Back to Kindergarten

I returned home from India a week ago and am scheduled to fly to Bangladesh at the end of next week. As crazy as things can get for me between trips, I did manage to carve out some time this week to drive to South Texas to spend time with my Dad. The six-hour drive to my childhood home gave me the opportunity to spend quality time with God. I am always happy to have undisturbed windshield time to pray and to reflect on all that is happening in my life. And, I am always glad to spend time with my Dad, the man God used to teach me my first lessons about the nations. Before leaving, I called my Dad and asked him if he could arrange a meeting with my Kindergarten teacher. My eighty-something year-old teacher still lives in the small town of Mission where I grew up. I told Dad that I wanted to reunite with my teacher in order to thank her for investing in my life. Dad agreed that this was a good idea and set things up.

This morning I had the wonderful privilege of reuniting with my Kindergarten teacher. Even though I graduated from her class in 1961, I have never forgotten her for two reasons. First, I have remembered her across the years because as a kid I had a tough time pronouncing her name — Mrs. Espericueta. Her name was a mouthful for me as a five-year old kid. In fact, all of my classmates had their own way of pronouncing her name. Second, I have never forgotten her because she was a very kind woman. In those years, hers was the only Kindergarten program available in our small town. Convicted by the lack of educational opportunities for pre-school kids in our dusty little South Texas town, she started a Kindergarten program in 1958. She found a one-room building with broken windows, saw the potential in the property, and converted it into a classroom.
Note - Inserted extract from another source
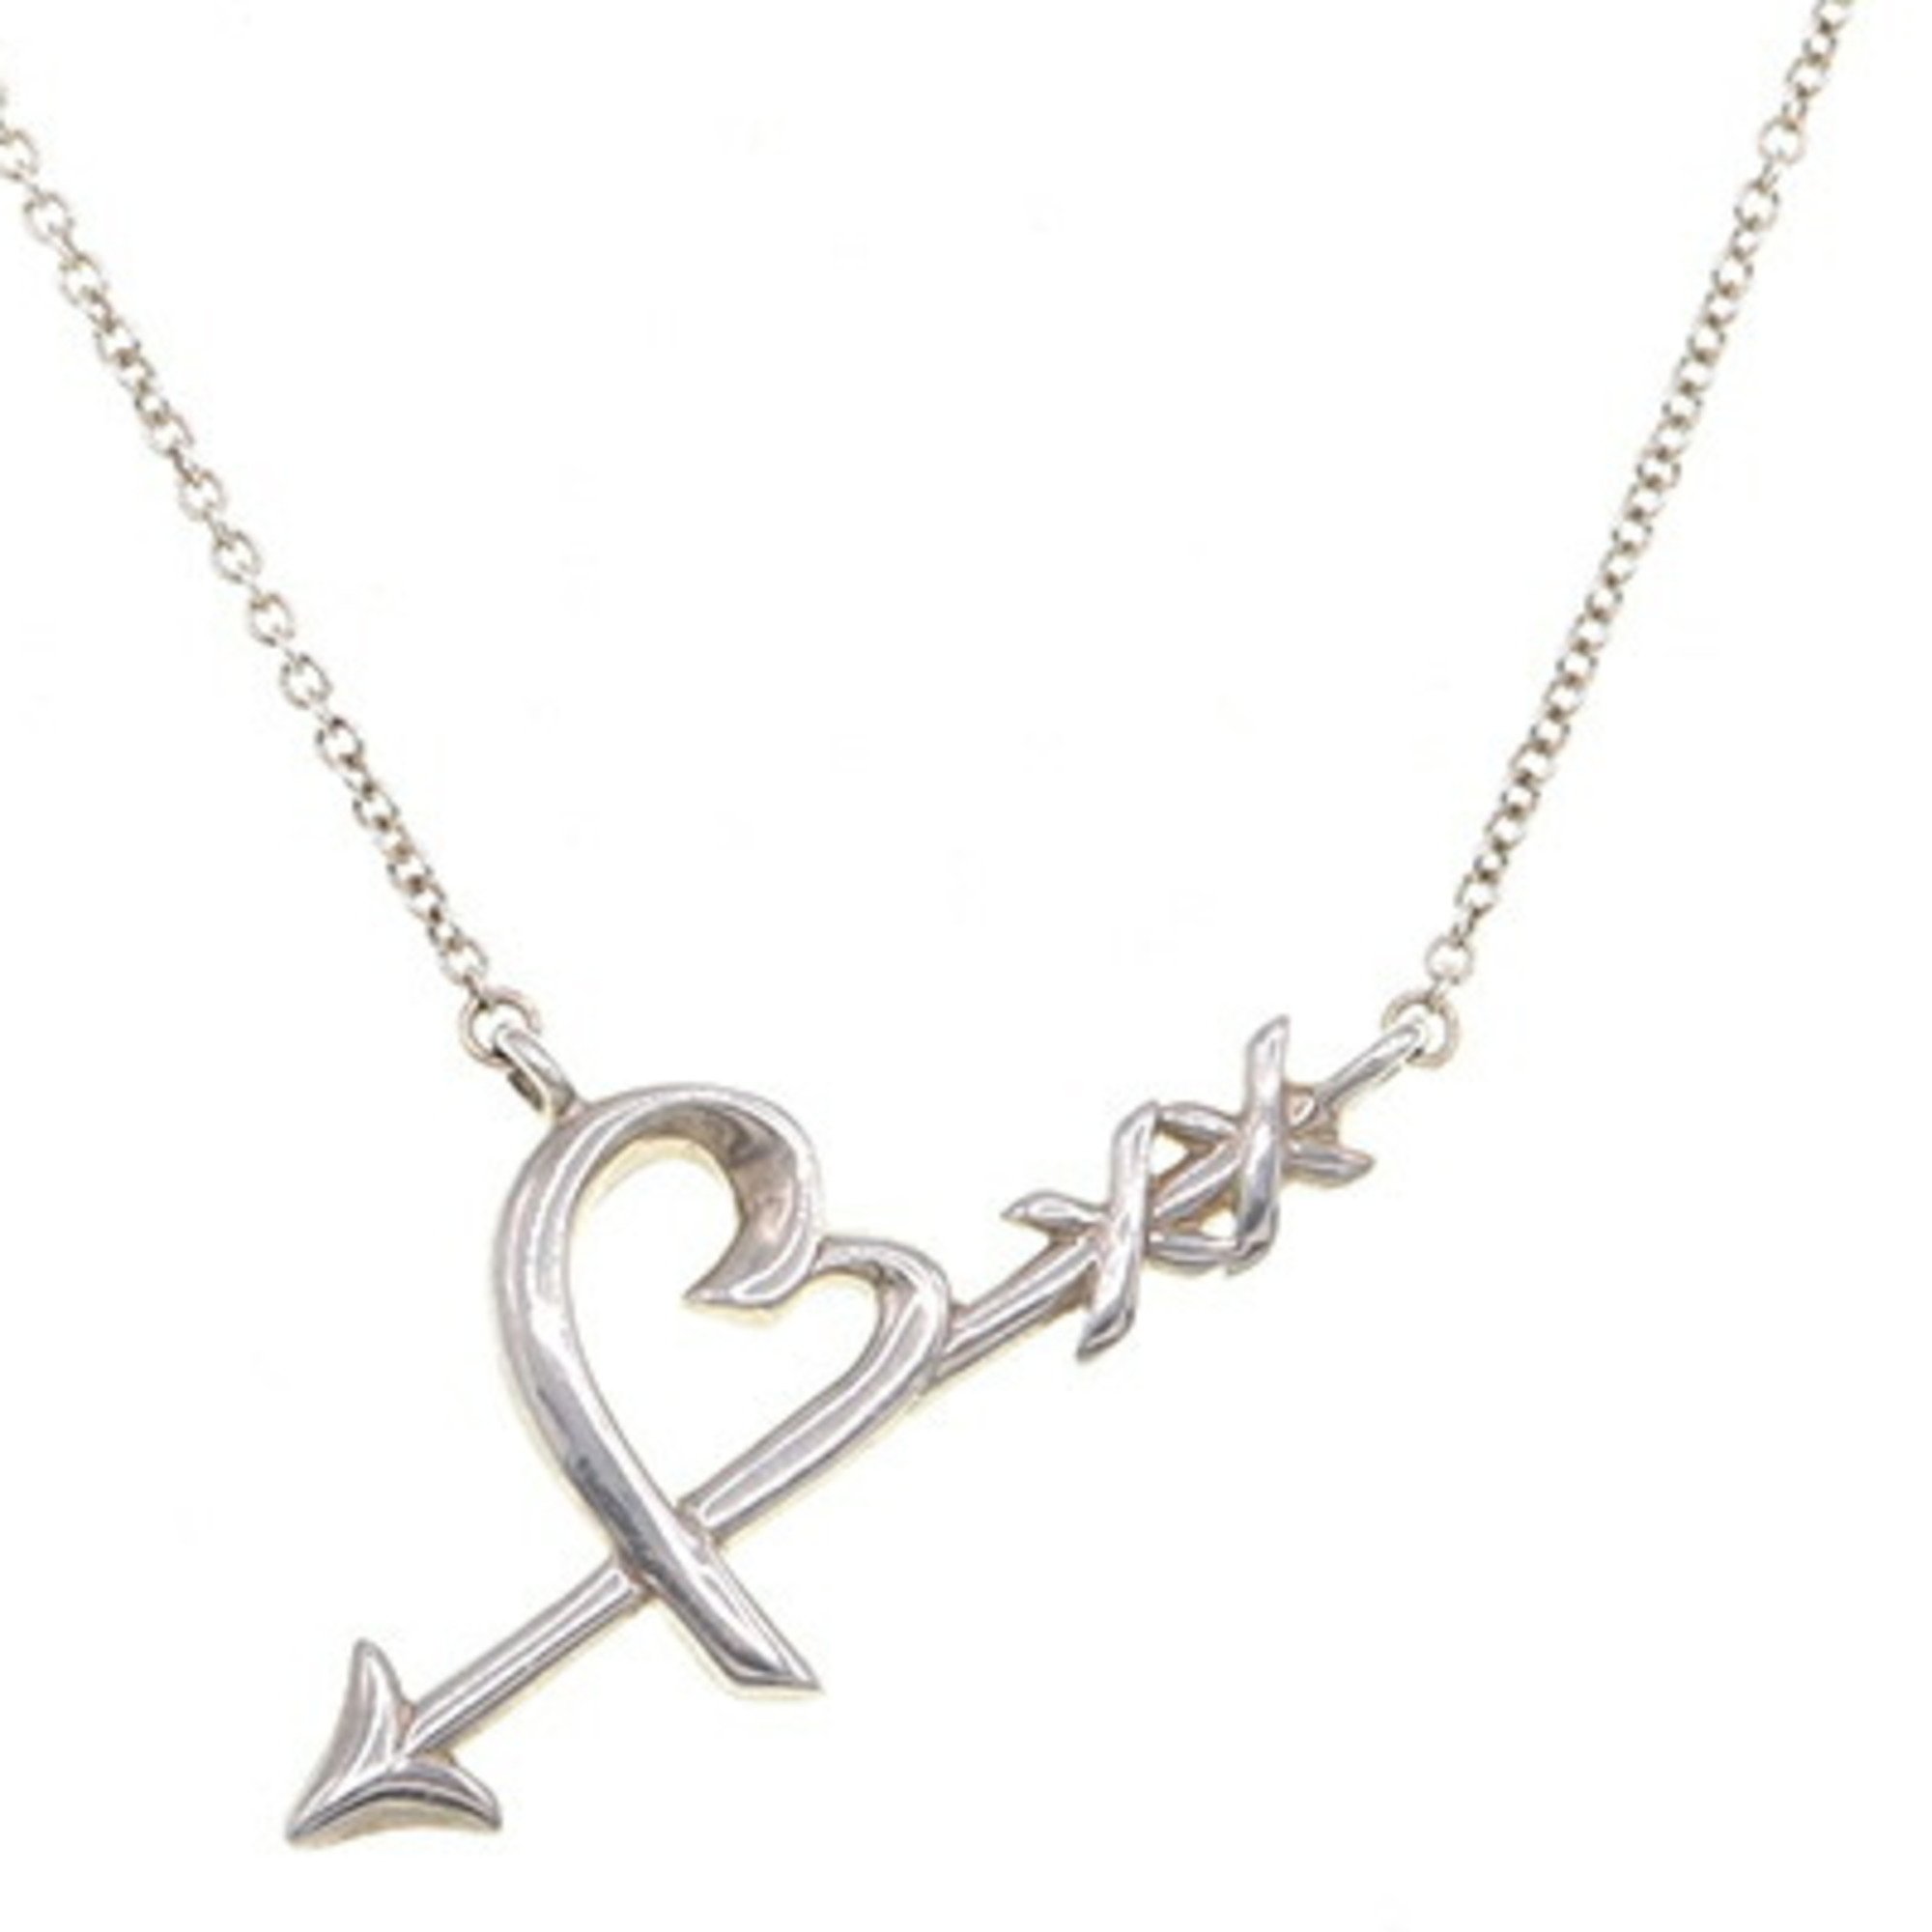 Tiffany Necklace Paloma Picasso Loving Heart Arrow SV Sterling Silver 925 Pendant Women's TIFFANY & CO

She read what was available about teaching, made her own teaching aids, and started teaching kids like me to learn the alphabet and how to count.
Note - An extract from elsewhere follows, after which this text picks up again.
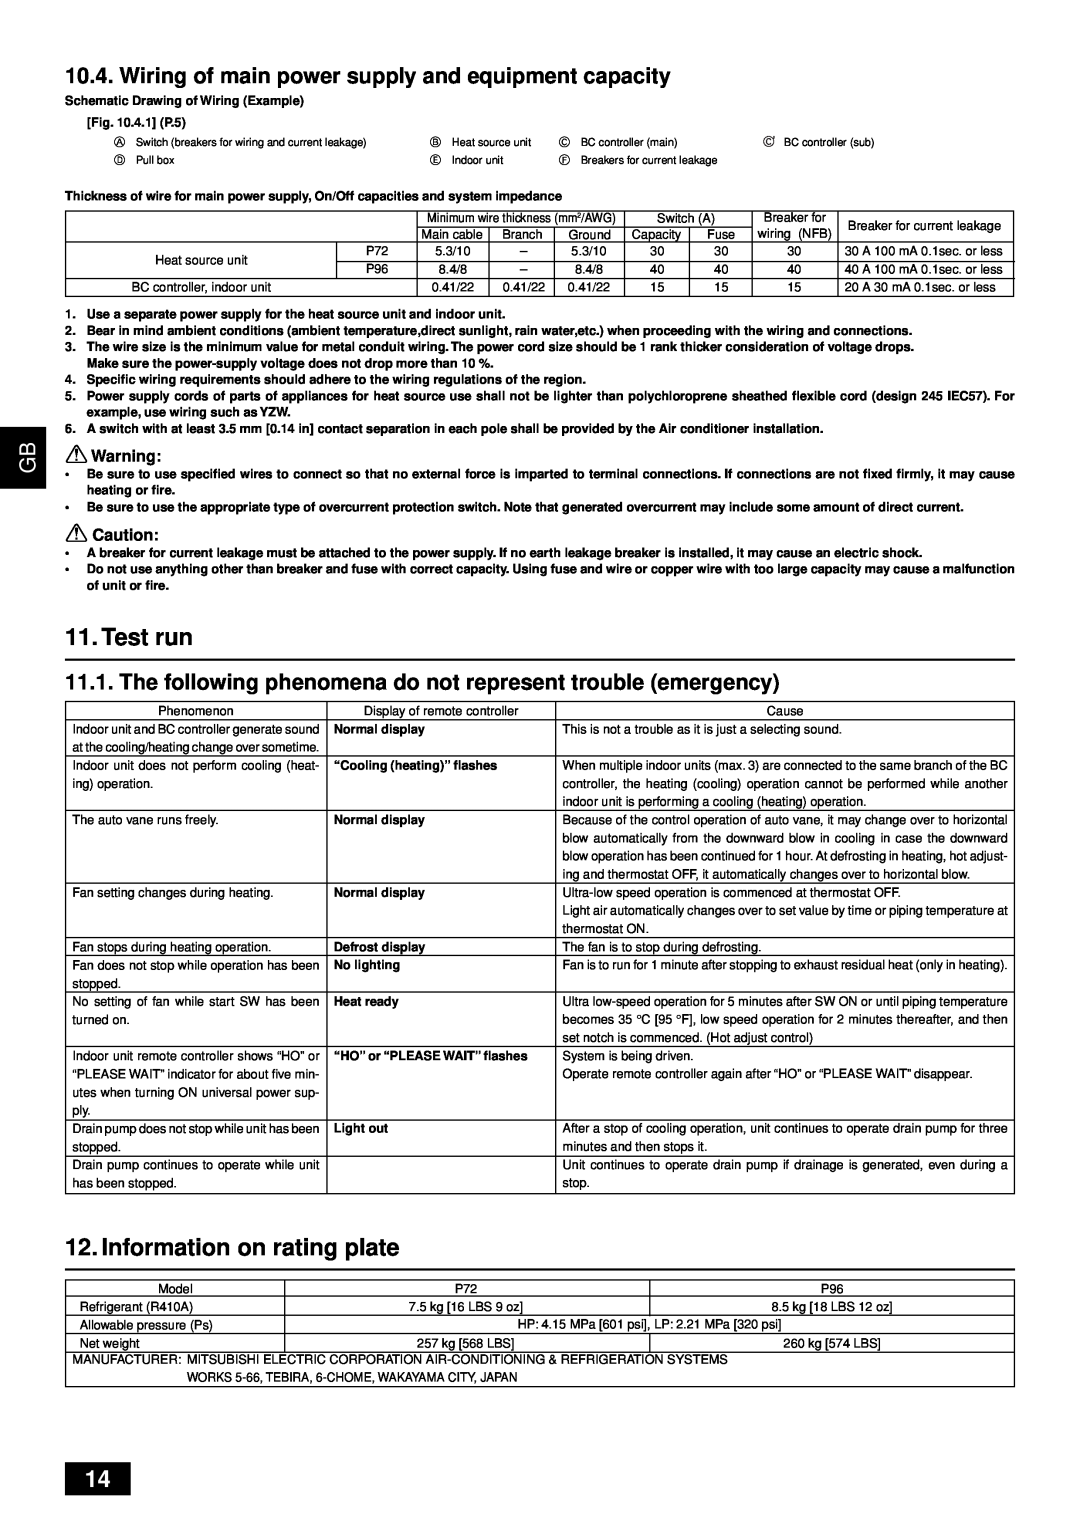 Bell Sports PQRY-P72-96TGMU-A installation manual Test run, Information on rating plate

I have retained a few very clear memories about my year with Mrs. Espericueta. I distinctly remember crying on the first day of school. I had never been away from my parents or grandparents and was a bit frightened by the whole experience of being in the one-room school house. But, Mrs. Espericueta consoled and calmed me down. I also remember the strangeness of learning the alphabet and numbers. It was strange because, like my classmates, I spoke little English at the time. In fact, Mom would coach me in the afternoons about how to say and ask for things in English. And, I remember graduation day. Mrs. Espericueta made our graduation from Kindergarten a big deal. I’m glad she did because it was a big deal. We all wore little white caps and gowns (I still have the photo of my Kinder graduation). Mrs. Espericueta affirmed that we had accomplished something great. That’s a feeling you never forget.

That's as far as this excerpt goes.